Dataset excerpt:
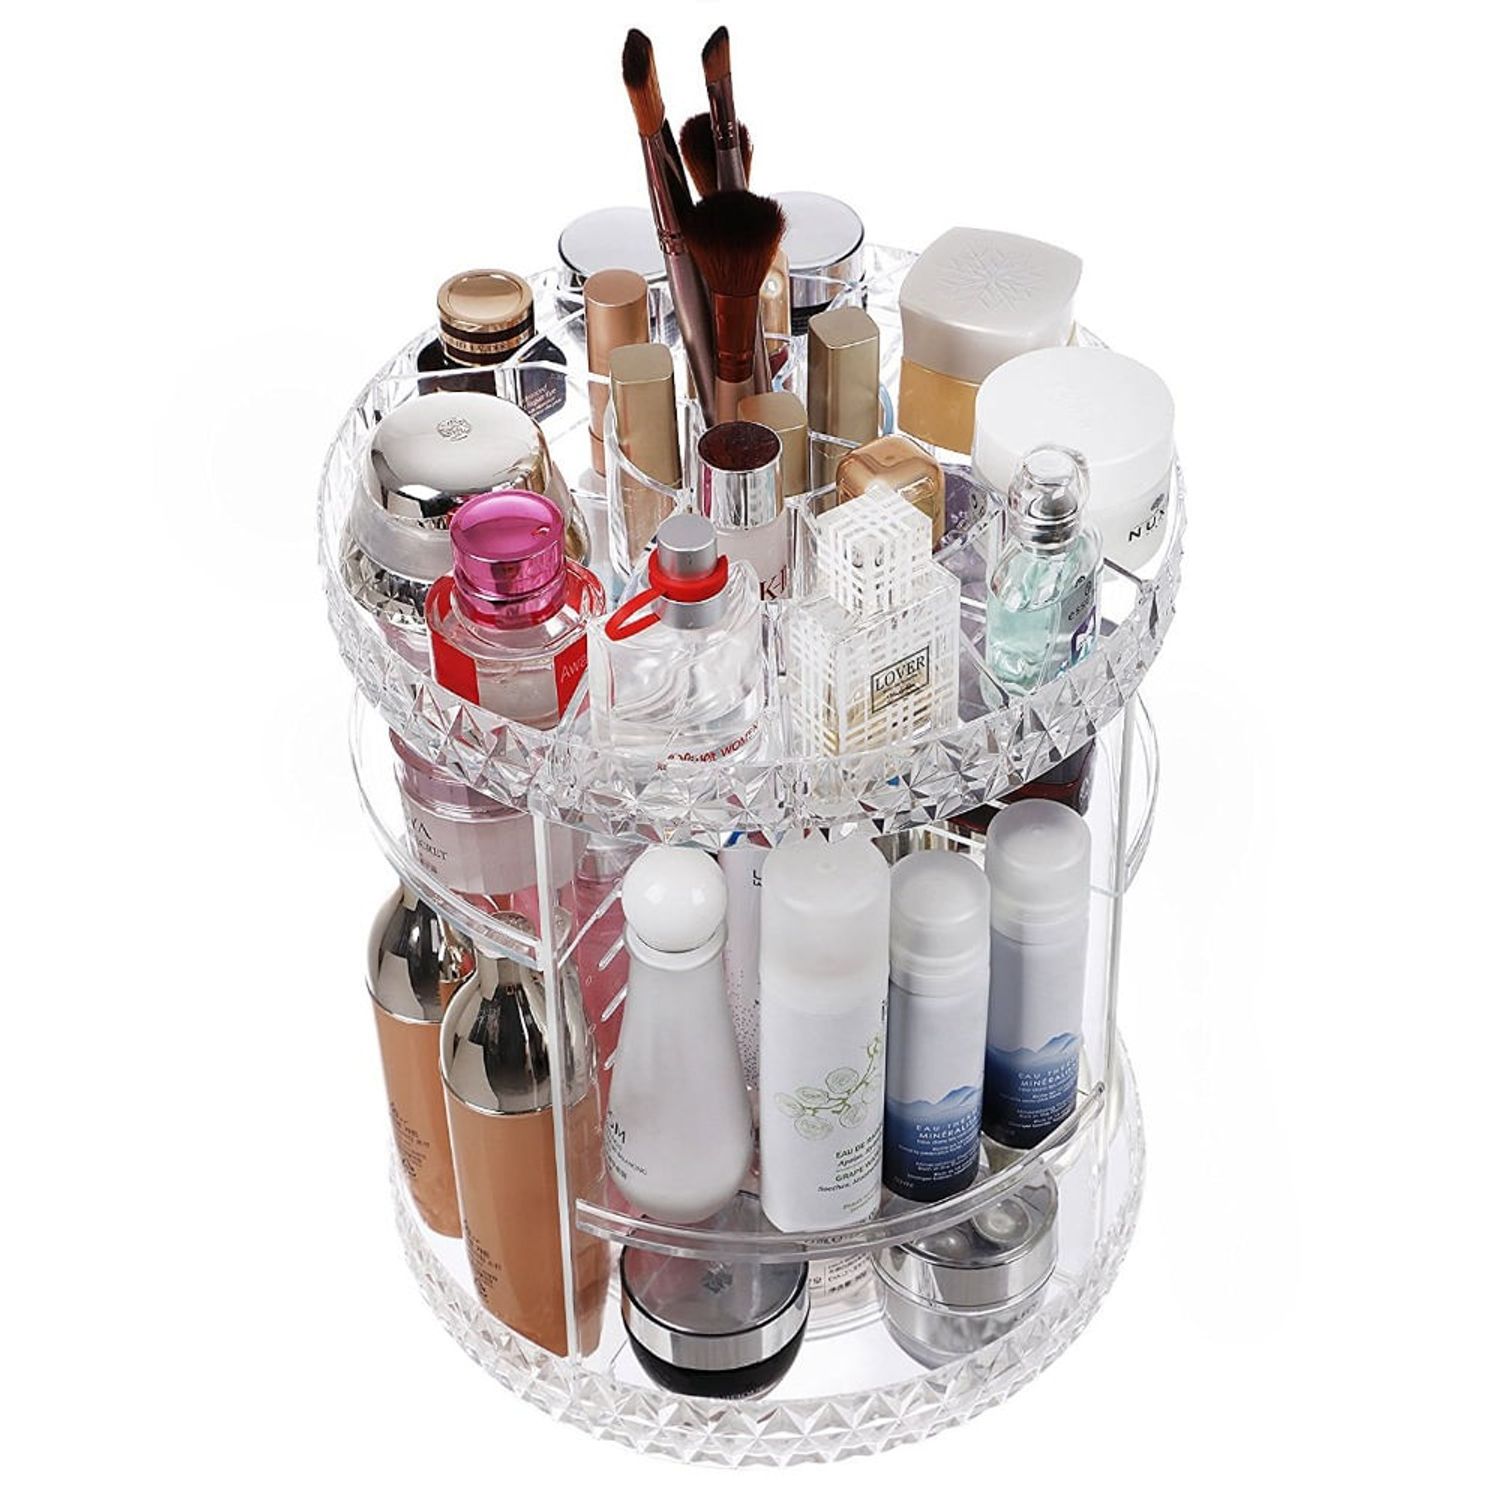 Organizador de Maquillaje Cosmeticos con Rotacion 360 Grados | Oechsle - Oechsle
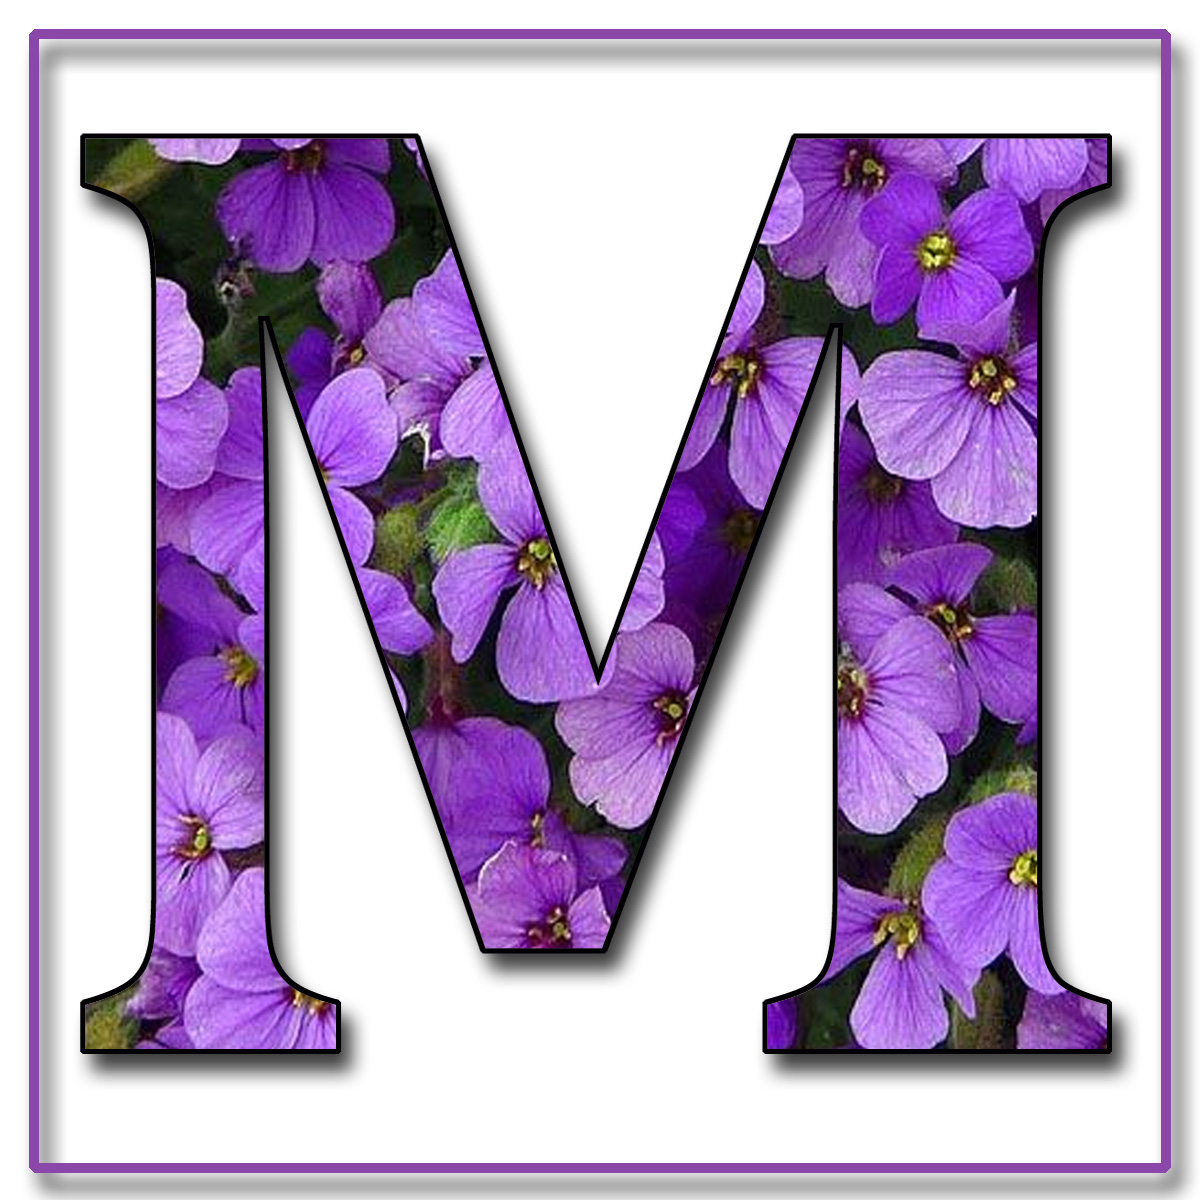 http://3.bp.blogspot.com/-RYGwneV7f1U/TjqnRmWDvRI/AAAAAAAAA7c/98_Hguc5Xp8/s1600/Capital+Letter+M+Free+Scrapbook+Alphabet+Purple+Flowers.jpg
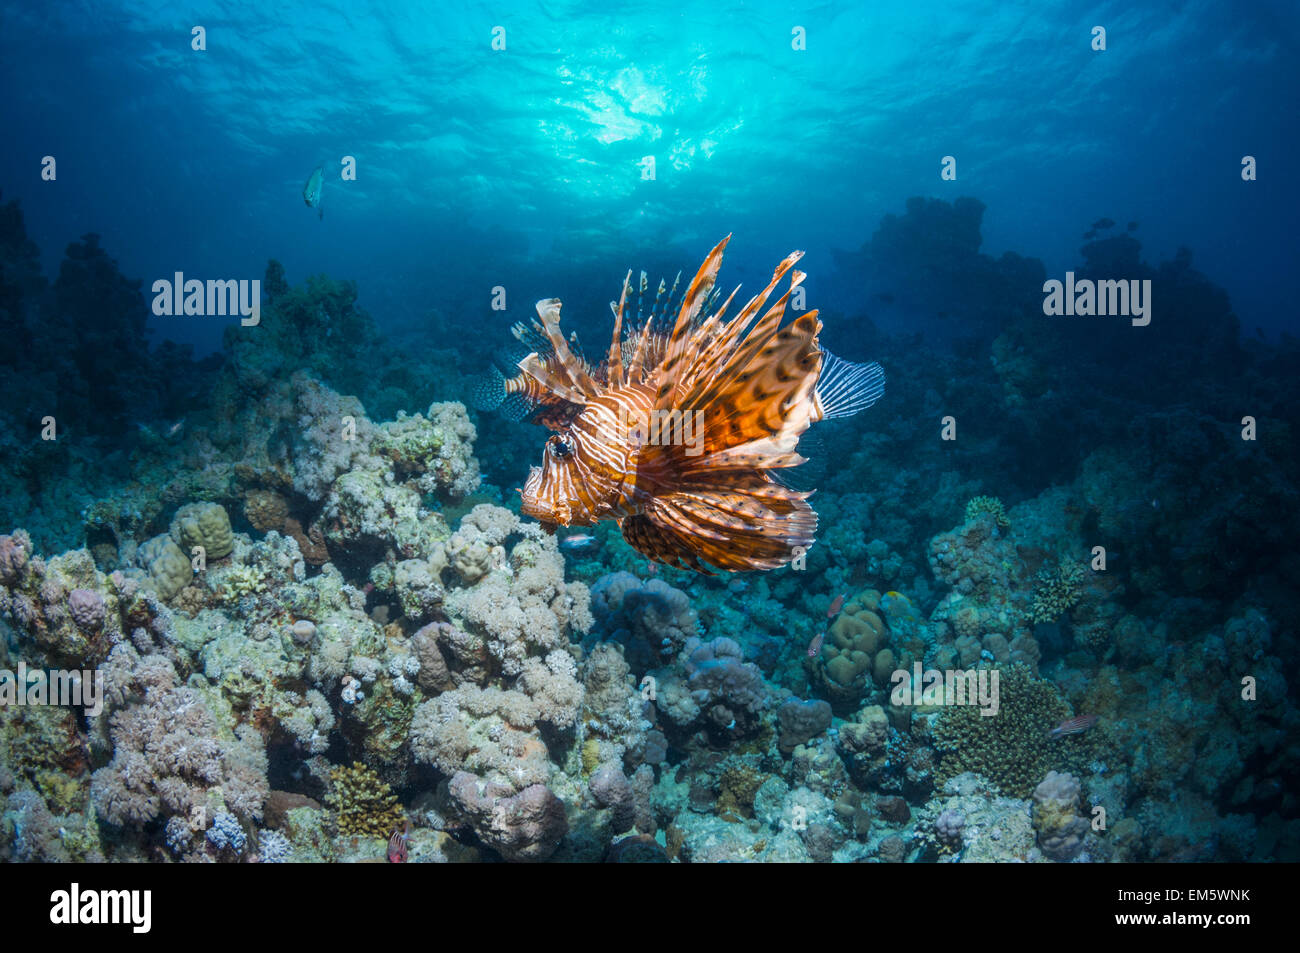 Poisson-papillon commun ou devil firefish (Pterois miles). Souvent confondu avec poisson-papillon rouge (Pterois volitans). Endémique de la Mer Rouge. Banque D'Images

Task item: Return all the material exactly, skipping pictures.

Problem solution:
 Organizador de Maquillaje Cosmeticos con Rotacion 360 Grados | Oechsle - Oechsle
 http://3.bp.blogspot.com/-RYGwneV7f1U/TjqnRmWDvRI/AAAAAAAAA7c/98_Hguc5Xp8/s1600/Capital+Letter+M+Free+Scrapbook+Alphabet+Purple+Flowers.jpg
 Poisson-papillon commun ou devil firefish (Pterois miles). Souvent confondu avec poisson-papillon rouge (Pterois volitans). Endémique de la Mer Rouge. Banque D'Images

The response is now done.